Adagio decides whether two ports can connect by comparing their semantic types.

This is the core rule behind the builder: if the upstream output is not type-compatible with the downstream input, Adagio blocks the edge.

What a semantic type looks like

Examples:

  • SampleData[SequencesWithQuality]
  • FeatureTable[Frequency]
  • FeatureData[Sequence]
  • MetadataColumn[Categorical]

These types describe what a value means, not just which file extension it uses.

How Adagio checks compatibility

At a high level, a connection is valid when the output is the same type, or a compatible specialization of the type that the input expects.

Adagio also understands:

  • union types, where an input can accept one of several types
  • predicates, such as categorical vs numeric metadata columns
  • metadata compatibility, for metadata-like inputs

Adagio does not perform arbitrary conversion between unrelated types.

Simple examples

Upstream outputDownstream inputResult
FeatureTable[Frequency]FeatureTable[Frequency]valid
FeatureTable[Frequency]FeatureData[Sequence]invalid
MetadataColumn[Categorical]MetadataColumn[Categorical]valid
MetadataColumn[Categorical]MetadataColumn[Numeric]invalid

Why a connection is rejected

Common reasons:

  • the base semantic types are different
  • the downstream input requires a predicate the upstream value does not satisfy
  • the output is a collection, but the input expects a single artifact
  • the input expects metadata or a metadata column, but the output is not metadata-compatible

Metadata and metadata columns

Metadata-like values deserve special attention:

  • a metadata input carries the metadata object itself
  • a metadata-column parameter selects one column from that metadata

That is why some actions appear to need both a metadata connection and a separate column choice.

Parameter predicates still matter

Type checking is not only for edges.

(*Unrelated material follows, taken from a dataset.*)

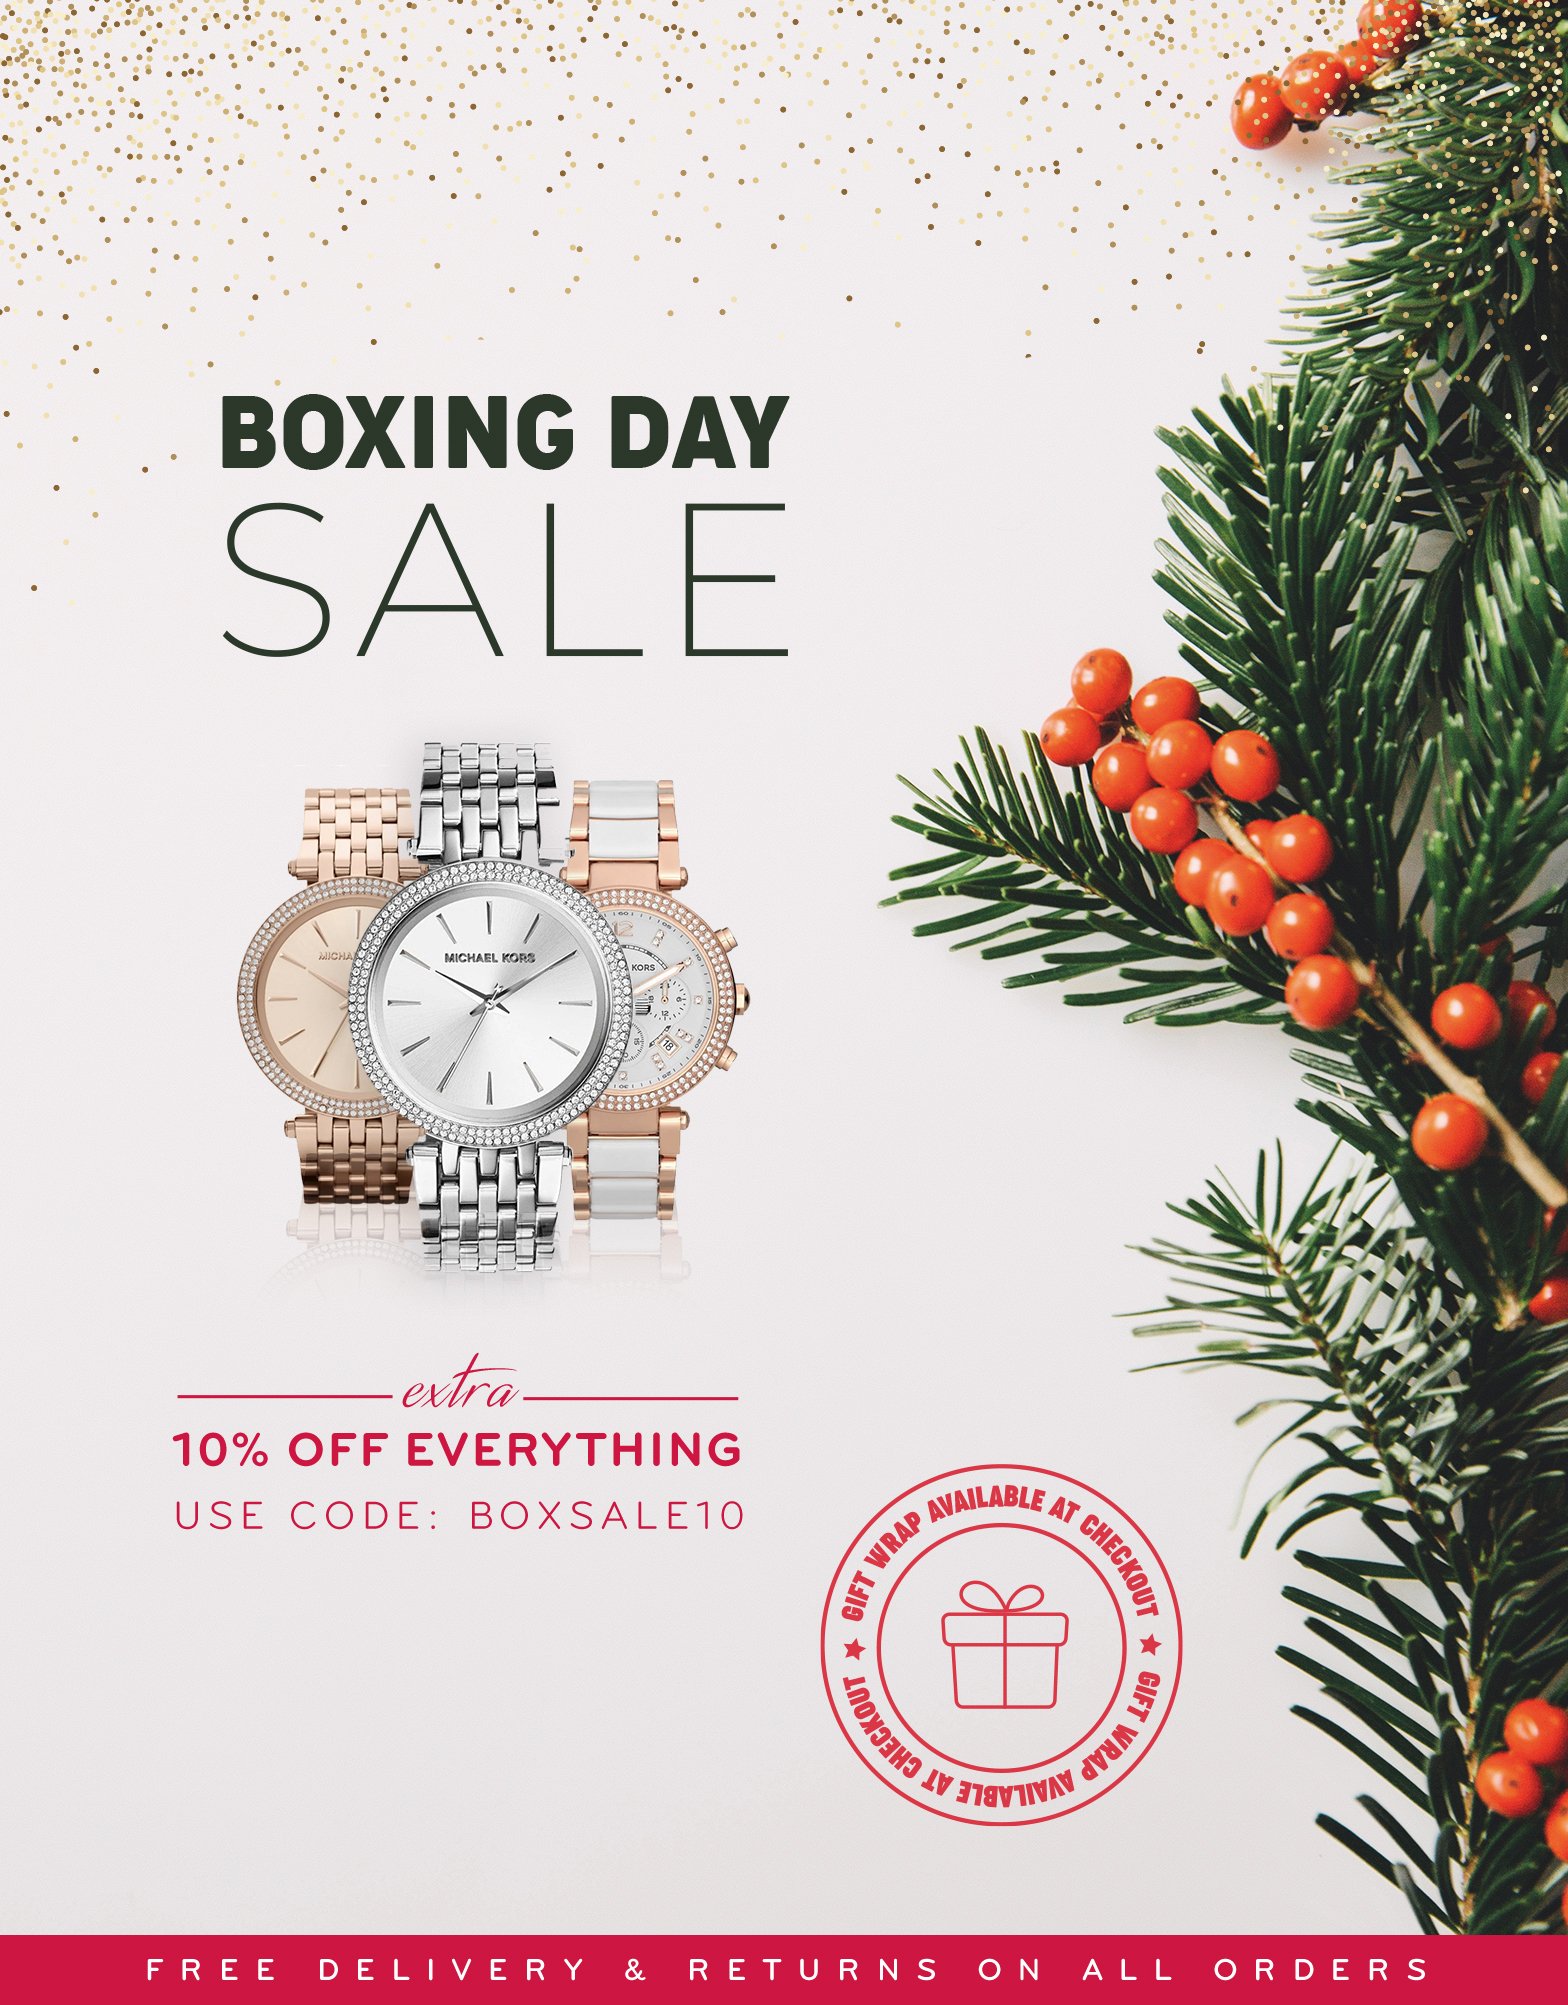 www.jbwatches.com: BOXING DAY SALE

Adagio also validates parameter values against the action’s declared type metadata.

Examples:

  • numeric parameters can have ranges
  • string parameters can have enumerated choices
  • list parameters require at least one valid value

Fast troubleshooting

If a connection does not work:

  1. Select the source or destination port.
  2. Read the type shown in the inspector.
  3. Compare the two type strings.
  4. Use the port-scoped action tray to find compatible next steps.

If no action appears for a selected input port, there is currently no visible plugin action that can produce that input type.

Practical guidance

  • Keep a mental model of artifact families such as FeatureTable, FeatureData, SampleData, and Phylogeny.
  • Promote an input when the data should come from the runner instead of another node.
  • Do not expect Adagio to insert hidden conversion steps. If a conversion is needed, add the explicit action that performs it.